▶ _DATA SECTION_

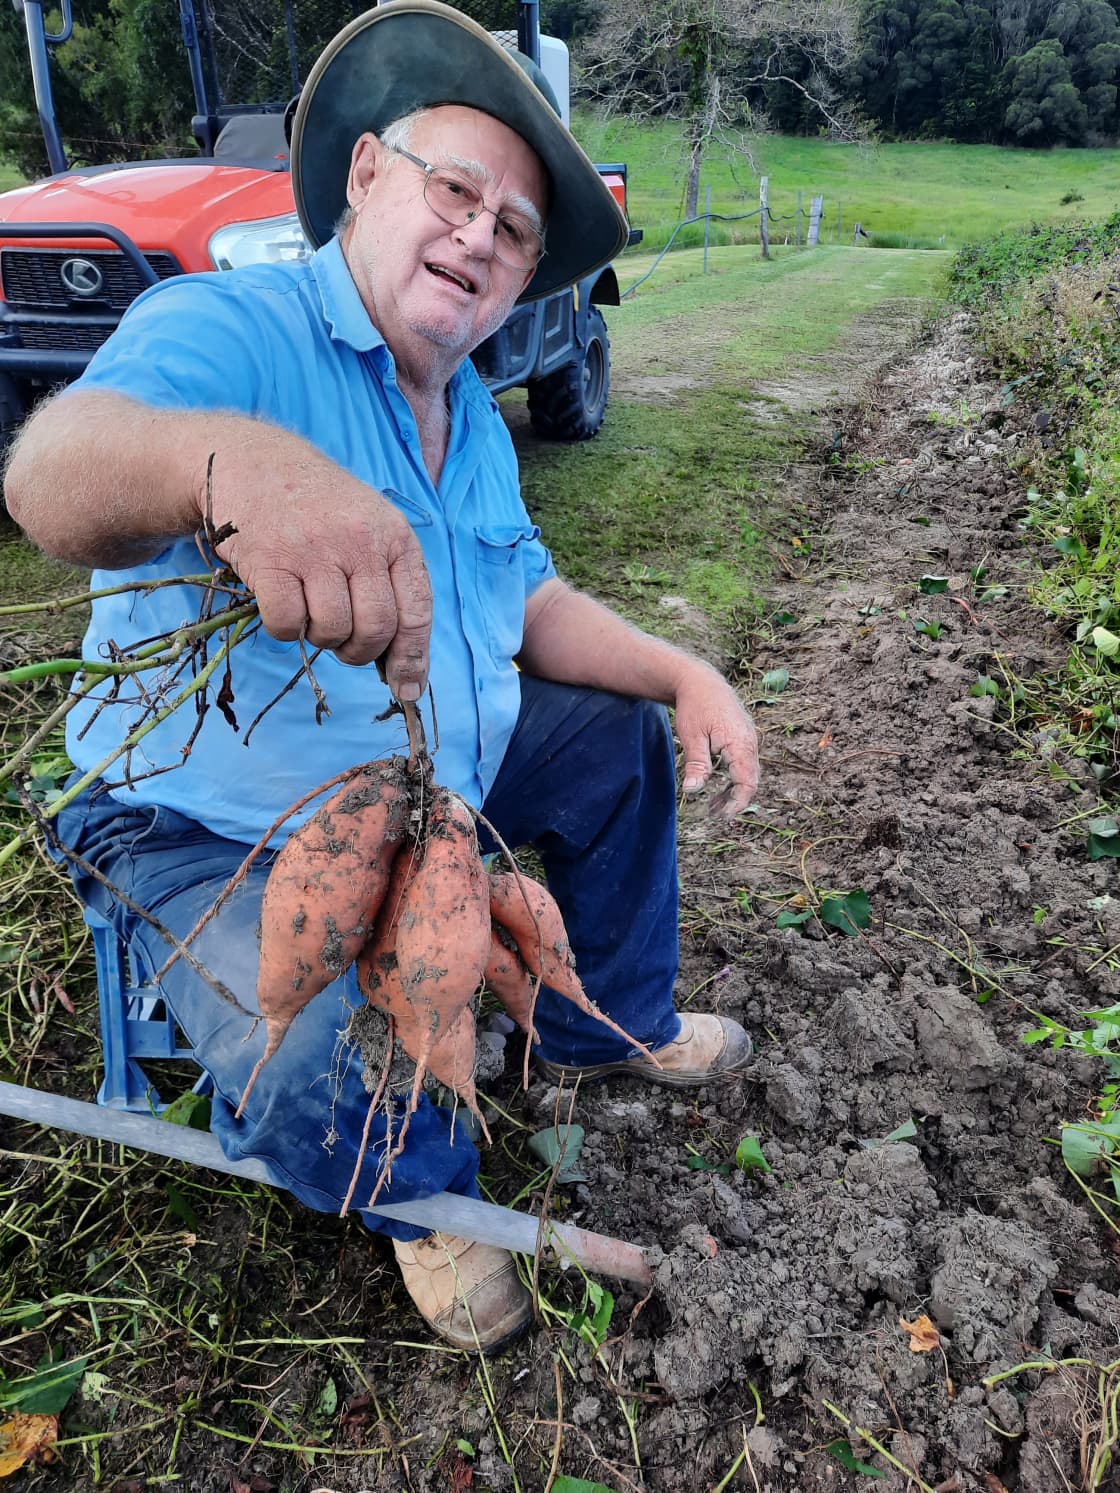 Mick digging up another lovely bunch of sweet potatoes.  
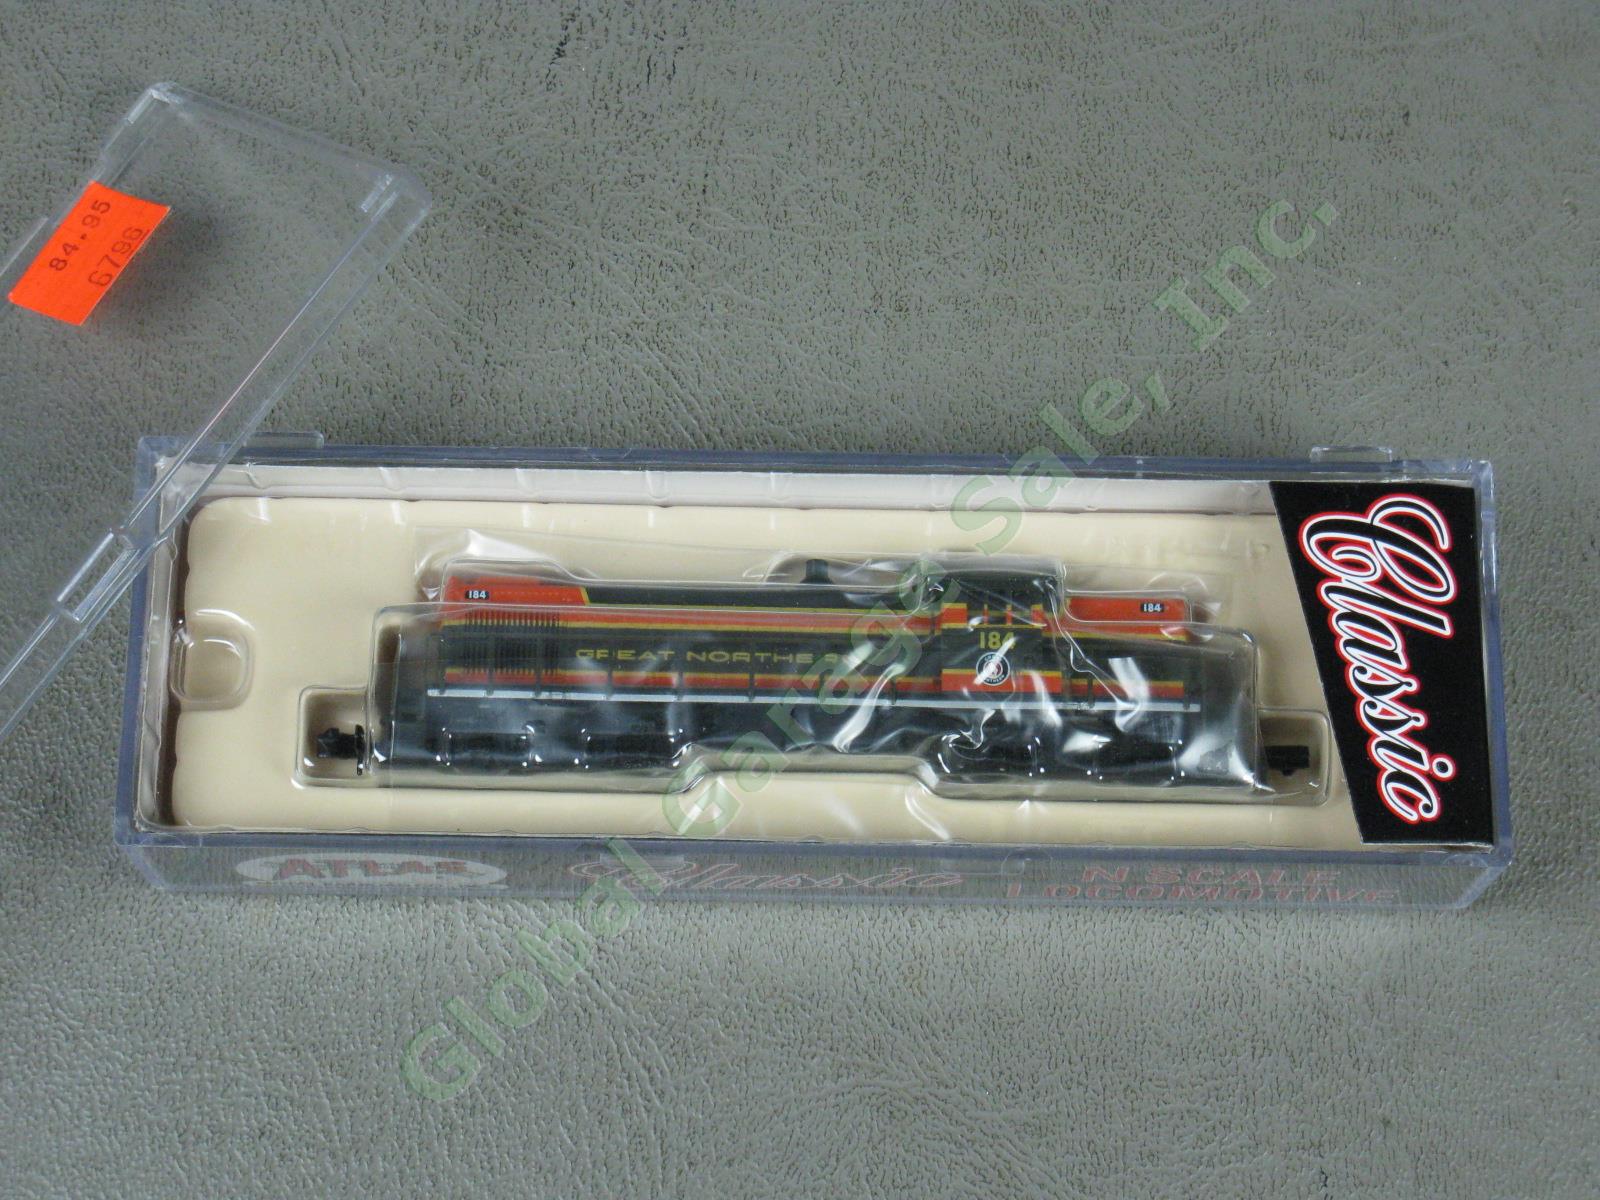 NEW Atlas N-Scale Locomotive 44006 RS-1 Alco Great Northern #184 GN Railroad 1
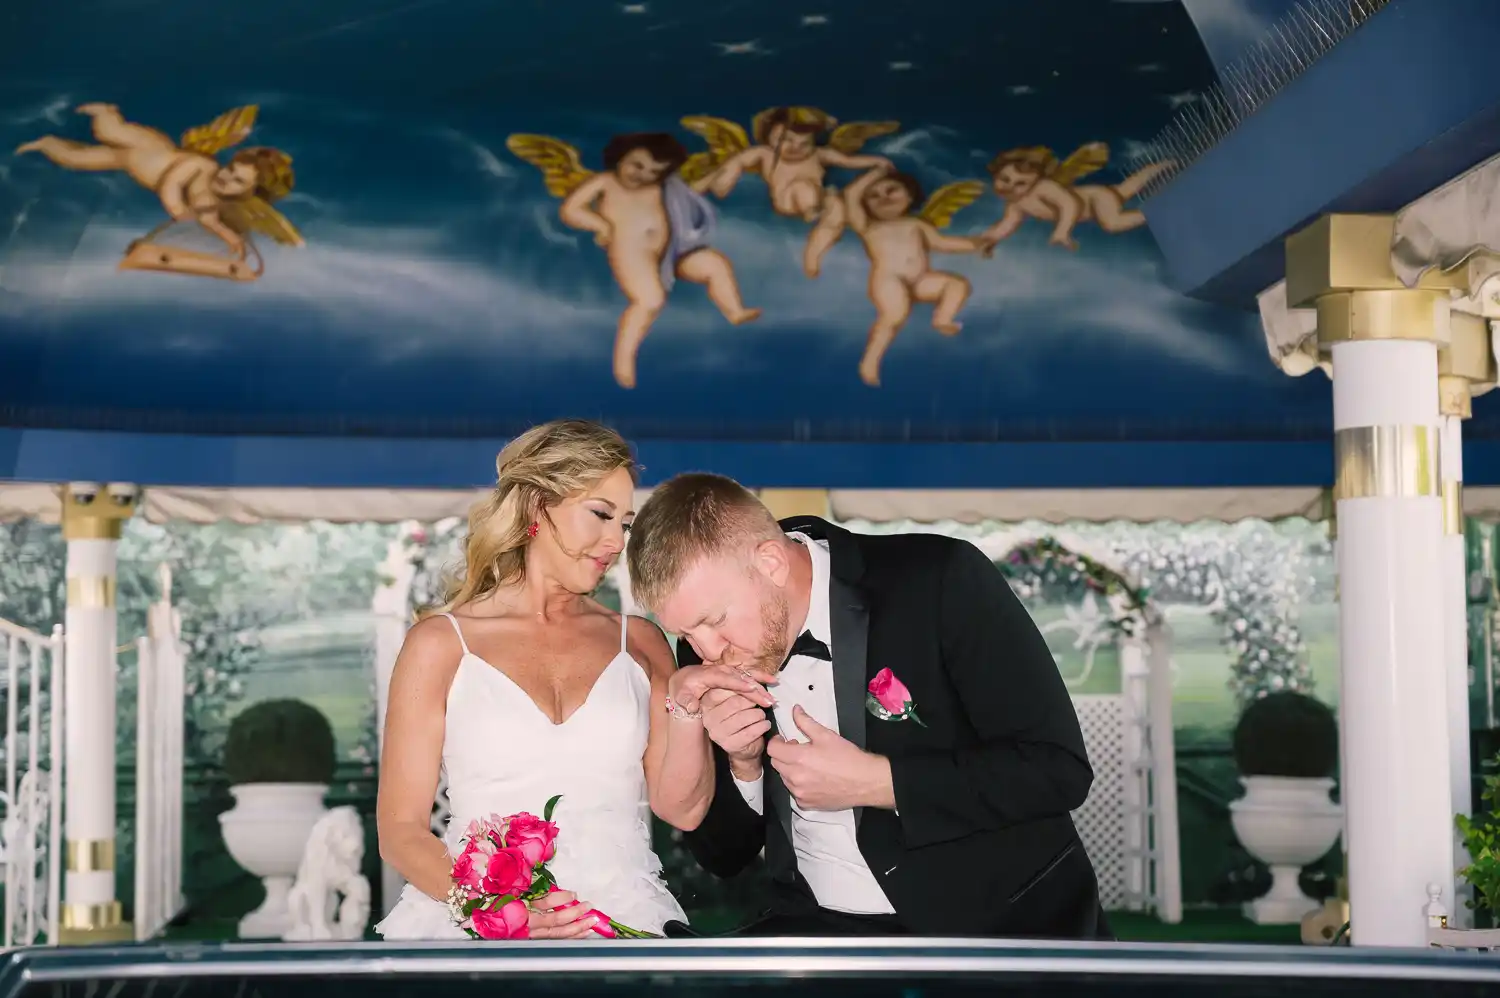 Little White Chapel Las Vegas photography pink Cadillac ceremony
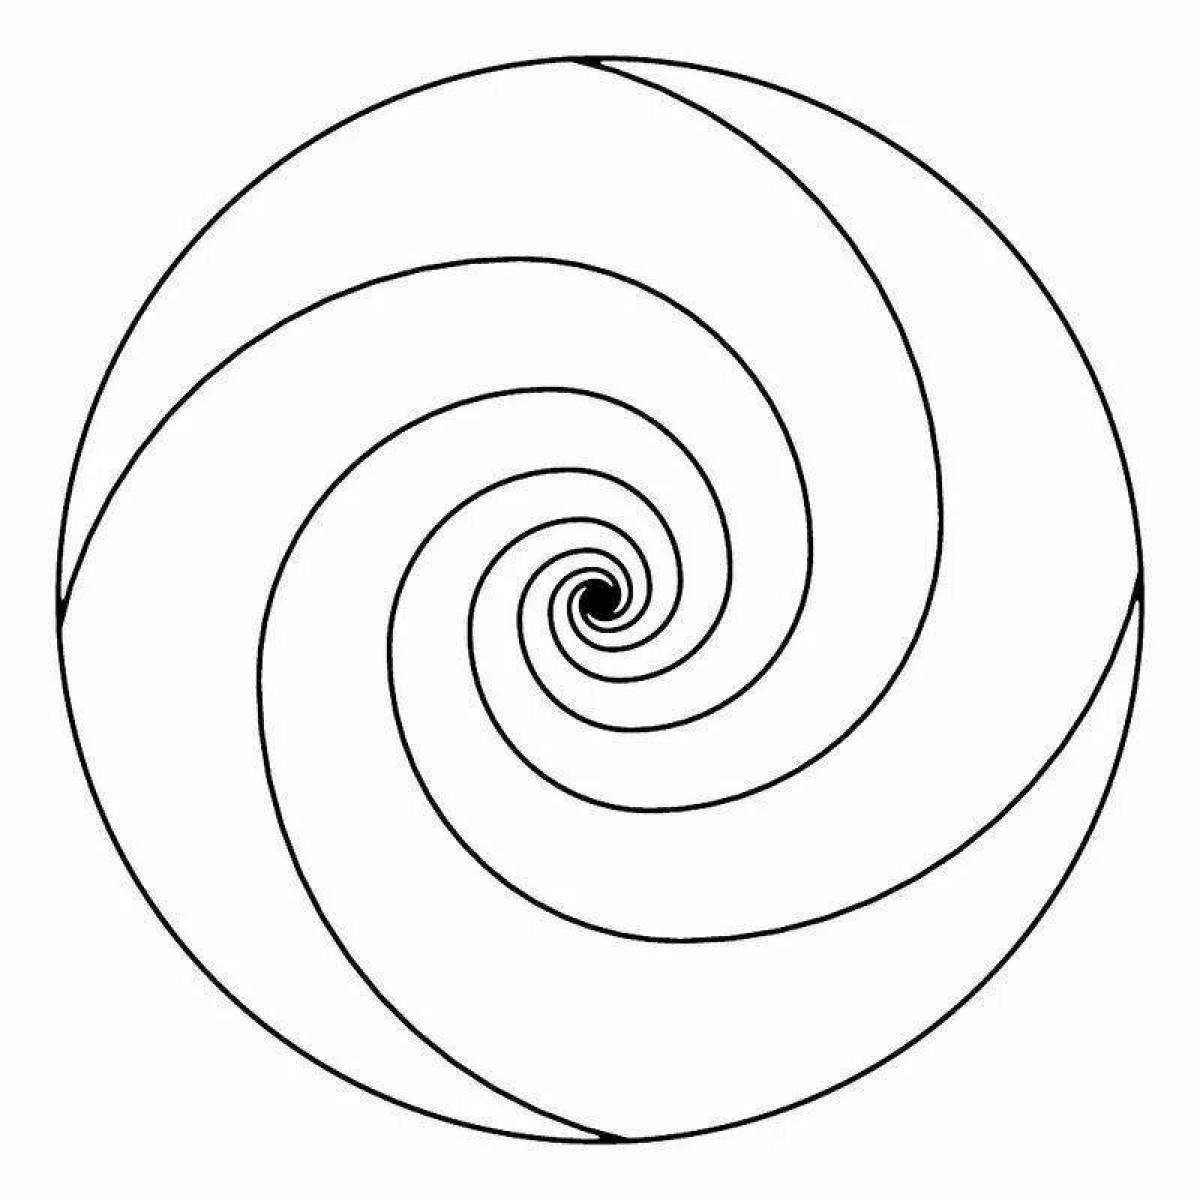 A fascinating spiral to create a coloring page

▶ _WHAT YOU WILL DO_
The result should be the same data as above, line for line, with the pictures gone.

▶ _WRITTEN ANSWER_
 Mick digging up another lovely bunch of sweet potatoes.  
 NEW Atlas N-Scale Locomotive 44006 RS-1 Alco Great Northern #184 GN Railroad 1
 Little White Chapel Las Vegas photography pink Cadillac ceremony
 A fascinating spiral to create a coloring page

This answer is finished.